Non-uniform refinement can significantly improve refinements for targets that contain micelles and for smaller proteins. Consider the following two modifications if refinement results are poor:
• Initial lowpass
• Empirically, increasing this resolution (e.g., to a lower numerical value such as 15Å) may improve results for smaller targets.
• Static masking
• For small, low-SNR particles, dynamic masking may perform poorly. Instead, supplying a soft, static mask may improve the final refinement.
Local refinement can also be quite useful for membrane targets. Note that local refinement masks must be softly padded, especially when cutting into density (even a micelle) and consider the following parameter:
• Rotation search extent
• When using smaller masks, tighter orientation priors generally produce better results.
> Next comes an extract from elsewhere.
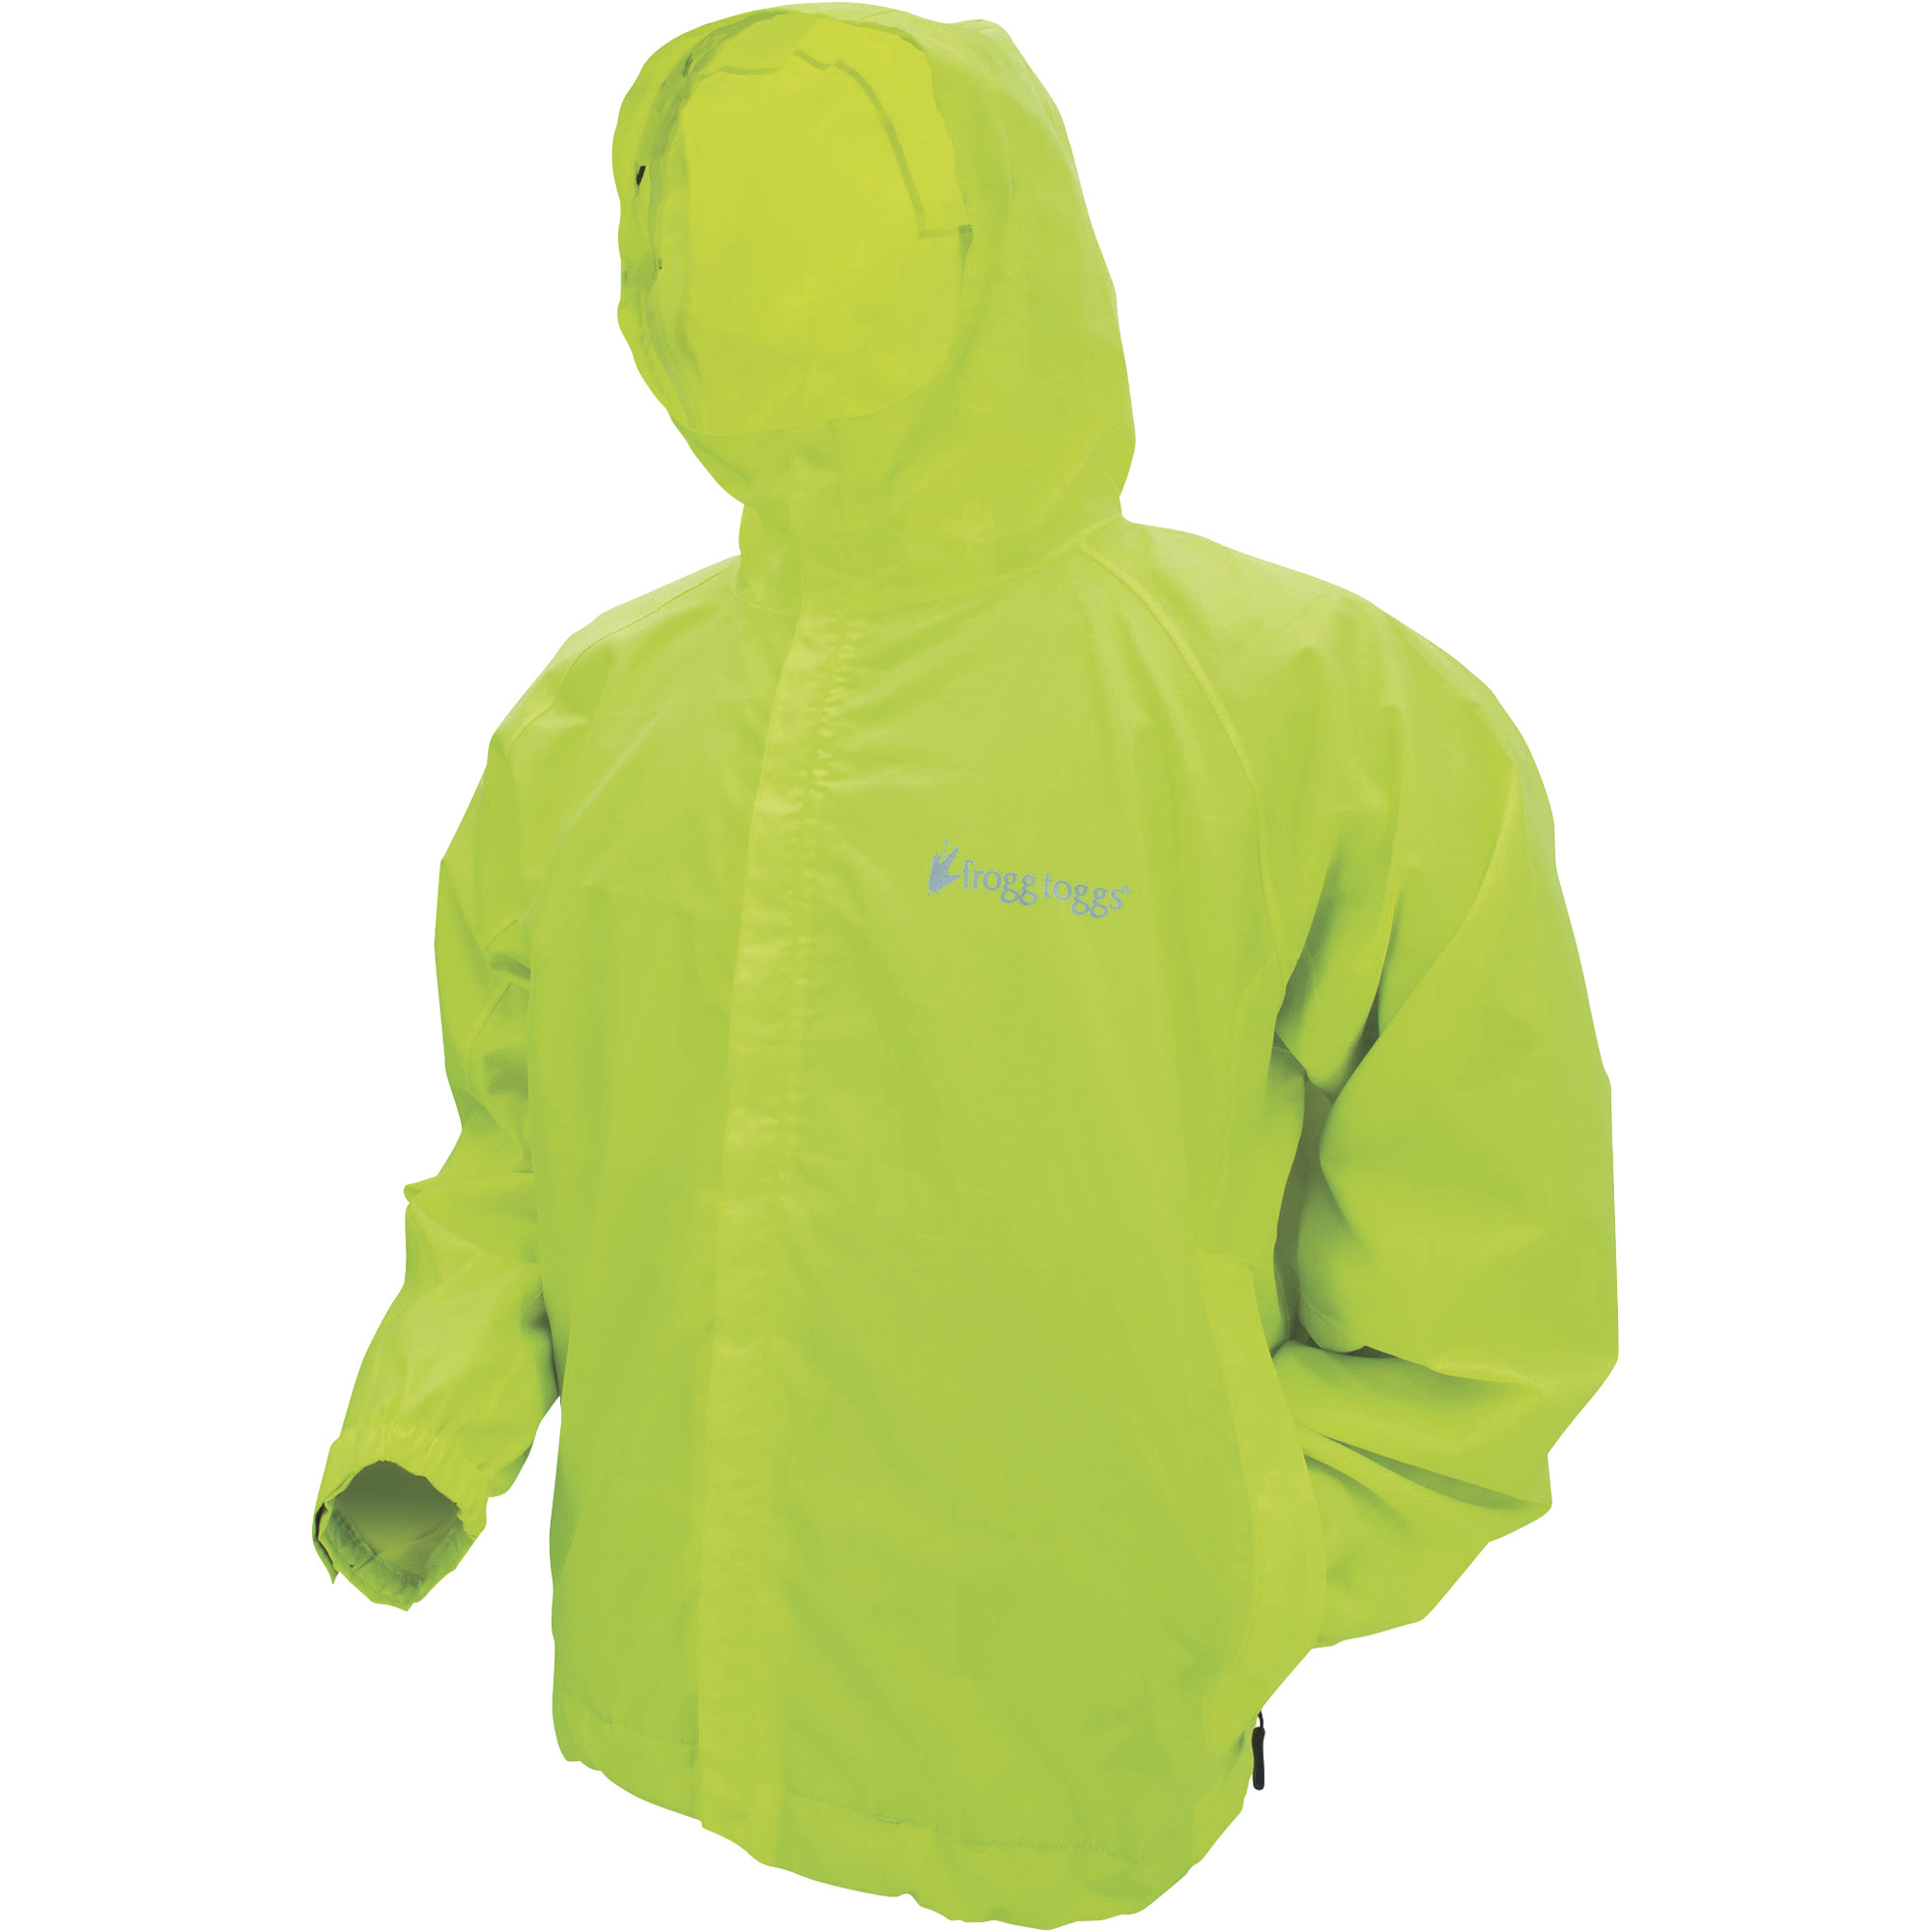 Frogg Toggs Men's Stormwatch Jacket â Lime, Large, Model SW62123-48LG

### Heterogeneity Analysis

• Force hard classification
• Hard classification can improve results for low-SNR particles, especially when the target contains a static (well-resolved) domain connected to a flexible/heterogeneous domain (such as a micelle).
• Force hard classification
• Similar to Heterogeneous Refinement, force hard classification can help isolate regions of heterogeneity.
• RMS convergence criterion
• For low-SNR particles, the standard class switching criterion may lead to more F-EM iterations than necessary and cause processing to take longer. Consider turning this secondary criterion on to save computational cost.
3D Variability (3DVA) analysis can be an especially important tool for heterogeneity analysis of small membrane targets. The 3DVA publication includes results on the Cannabinoid Receptor 1-G GPCR, which show that 3DVA can resolve two different bending motions of the 53kDa transmembrane region of the protein.
When running 3DVA, be sure to supply a soft solvent mask to ensure that the job does not resolve variation due to the micelle.

### Common Failure Modes

• "Spiky" densities like the one shown below are often a sign that there are many junk particles in the dataset — this can be especially prevalent in membrane protein datasets where particle picking is difficult. In these cases, it is often helpful to further “purify” the dataset, by either:
• performing additional 2D classification rounds, or
• running ab-initio reconstruction with multiple classes, then using the resulting volumes (including junk classes) to initialize heterogeneous refinement or 3D classification jobs and processing all the particles. Particles that fall into intact classes where the protein density is strong can be used for further refinements and particles falling into other classes can be discarded. This “junk-sorting” in 3D can often separate junk particles more effectively than 2D classification.
A ’spiky’ hyaluronan synthase (the same density shown at two different thresholds for clarity) resolved from one class of a 3D classification job. Data from EMPIAR-11030 (Maloney et al., 2022).